И они выползли. Десятки, сотни многоножек. Они сползлись в центр комнаты, образуя идеальный круг. Их бледные тела излучали тусклый свет. И они начали…
Они начали слаженно, в унисон, вибрировать своими сегментами. Их безгубые рты раскрывались и закрывались, извергая не звук, но саму вибрацию безумия. Это был немой хор, зловещий, упорядоченный танец. Они не просто ползали. Они совершали обряд.
Под полом в такт этому действу застучало, зашуршало что-то большое. Послышался отвратительный, влажный хруст, будто ломались и перетирались кости. Светящийся круг многоножек пульсировал, и мне показалось, что доски пола в центре круга потемнели, стали прозрачными, как смола, и сквозь них проглянула пугающая тьма, не ночная, а та, что из Под-Слоя — абсолютная, лишённая света.
Я ощутил не просто страх. Я ощутил святотатство. Я наблюдал за кощунственной мессой, целью которой было уничтожение всего, что я знал.
И в самый пик этого безмолвного песнопения я почувствовал на себе взгляд.
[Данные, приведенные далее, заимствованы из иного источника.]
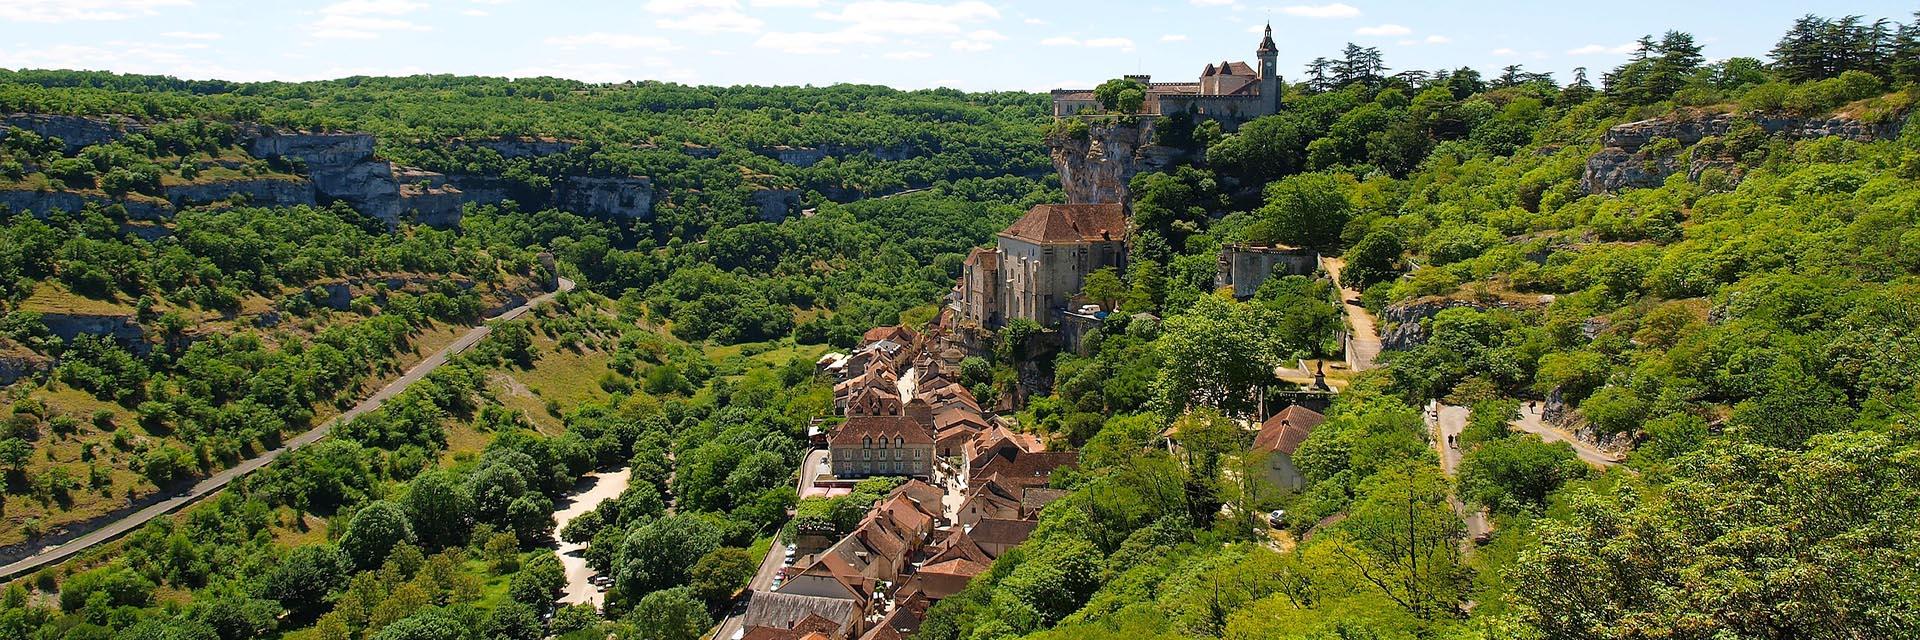 Village_club_vacances_périgord-quercy-terrou-saint-cinq-lapopie-vue-nature

Не из круга. Из-под пола. Из той самой проступившей тьмы. Что-то огромное, невыразимое, спавшее под домом, на мгновение обратило на меня внимание. Один единственный, всеобъемлющий акт восприятия. В нём не было ни злобы, ни любопытства. Лишь абсолютное, безразличное отрицание моего существования.